Recentemente, várias tecnologias de edição do genoma, incluindo nucleases de dedo de zinco, nucleases efetoras do tipo ativador de transcrição e como fazemos nossas nucleases, foram projetadas para clivar genomas em um tamanho específico. A tecnologia de nocaute genético CRISPR/Cas9 revolucionou a biologia básica, a biotecnologia e a medicina. O CENP é essencial para fixar cinetócoros a microtúbulos e alinhar cromossomos.
A interrupção do CENP, seja por microinjeção de anticorpos, deleção de sgRNA, inibição química ou deleção genética, resulta em desalinhamento cromossômico, defeitos mitóticos e, muitas vezes, morte celular, complicando o estudo dos mecanismos da proteína CENP. Neste estudo, três estratégias otimizadas de triagem baseadas em fenótipos foram estabelecidas, incluindo triagem de colônias celulares, alinhamento cromossômico dos fenótipos e intensidades fluorescentes das proteínas CENP, o que melhorou a eficiência da triagem e a taxa de sucesso experimental. É importante ressaltar que a deleção do CENP resulta em desalinhamento cromossômico, localização anormal das proteínas BubR1 e defeitos mitóticos.

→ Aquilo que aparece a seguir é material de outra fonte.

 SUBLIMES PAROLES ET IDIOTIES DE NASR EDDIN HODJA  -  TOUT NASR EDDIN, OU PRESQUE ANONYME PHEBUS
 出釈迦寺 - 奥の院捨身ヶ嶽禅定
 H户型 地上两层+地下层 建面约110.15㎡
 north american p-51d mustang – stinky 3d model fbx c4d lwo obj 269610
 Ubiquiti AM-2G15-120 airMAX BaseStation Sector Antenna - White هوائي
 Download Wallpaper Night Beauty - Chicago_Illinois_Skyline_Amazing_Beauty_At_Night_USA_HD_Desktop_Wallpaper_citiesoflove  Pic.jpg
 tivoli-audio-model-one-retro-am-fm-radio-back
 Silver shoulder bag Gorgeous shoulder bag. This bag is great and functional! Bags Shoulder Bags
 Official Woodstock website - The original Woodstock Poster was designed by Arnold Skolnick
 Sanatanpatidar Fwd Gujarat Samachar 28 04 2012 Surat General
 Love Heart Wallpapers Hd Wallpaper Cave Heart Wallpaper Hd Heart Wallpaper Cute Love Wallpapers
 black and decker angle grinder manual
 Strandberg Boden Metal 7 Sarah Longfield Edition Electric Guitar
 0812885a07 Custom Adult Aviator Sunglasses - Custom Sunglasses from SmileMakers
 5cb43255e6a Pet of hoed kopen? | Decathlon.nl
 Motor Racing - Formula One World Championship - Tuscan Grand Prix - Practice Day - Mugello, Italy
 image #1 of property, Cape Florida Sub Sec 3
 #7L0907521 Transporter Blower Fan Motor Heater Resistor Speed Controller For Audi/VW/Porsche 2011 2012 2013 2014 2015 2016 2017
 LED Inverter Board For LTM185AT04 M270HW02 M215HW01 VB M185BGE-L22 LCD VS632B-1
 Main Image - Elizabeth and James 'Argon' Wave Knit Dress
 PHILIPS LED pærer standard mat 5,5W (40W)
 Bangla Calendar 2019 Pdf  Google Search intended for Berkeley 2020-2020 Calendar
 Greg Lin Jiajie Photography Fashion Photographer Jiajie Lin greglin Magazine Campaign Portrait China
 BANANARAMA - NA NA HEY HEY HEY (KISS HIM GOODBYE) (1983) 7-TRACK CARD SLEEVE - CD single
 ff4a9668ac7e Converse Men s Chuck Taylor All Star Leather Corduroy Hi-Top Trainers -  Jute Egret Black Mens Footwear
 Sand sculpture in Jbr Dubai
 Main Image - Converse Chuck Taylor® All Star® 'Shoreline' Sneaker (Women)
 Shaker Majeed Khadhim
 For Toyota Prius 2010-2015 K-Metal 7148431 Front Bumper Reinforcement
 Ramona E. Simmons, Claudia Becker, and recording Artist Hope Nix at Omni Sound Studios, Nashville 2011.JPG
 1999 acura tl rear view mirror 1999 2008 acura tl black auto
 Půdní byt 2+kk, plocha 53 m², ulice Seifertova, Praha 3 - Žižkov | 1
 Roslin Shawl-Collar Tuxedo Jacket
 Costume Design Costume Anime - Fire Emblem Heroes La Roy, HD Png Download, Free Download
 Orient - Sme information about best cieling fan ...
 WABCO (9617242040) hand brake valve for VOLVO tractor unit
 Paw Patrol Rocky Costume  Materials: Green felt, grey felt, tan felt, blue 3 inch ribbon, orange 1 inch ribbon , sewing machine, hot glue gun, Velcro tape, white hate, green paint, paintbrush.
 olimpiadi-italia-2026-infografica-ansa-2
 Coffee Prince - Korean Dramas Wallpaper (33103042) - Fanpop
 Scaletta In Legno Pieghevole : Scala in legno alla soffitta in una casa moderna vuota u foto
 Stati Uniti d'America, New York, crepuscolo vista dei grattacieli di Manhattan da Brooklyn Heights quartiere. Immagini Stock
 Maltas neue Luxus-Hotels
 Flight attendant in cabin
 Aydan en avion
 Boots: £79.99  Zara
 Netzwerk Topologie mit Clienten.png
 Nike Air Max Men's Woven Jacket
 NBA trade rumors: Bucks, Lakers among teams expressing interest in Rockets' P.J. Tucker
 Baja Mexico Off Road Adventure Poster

Os modos de interação e os mecanismos moleculares do CENP e seus inibidores são importantes campos de pesquisa em biologia celular e pesquisa em câncer. Neste estudo, a linhagem celular HeLa knockout do CENP foi estabelecida como uma ferramenta valiosa para a validação da especificidade e toxicidade dos inibidores do CENP.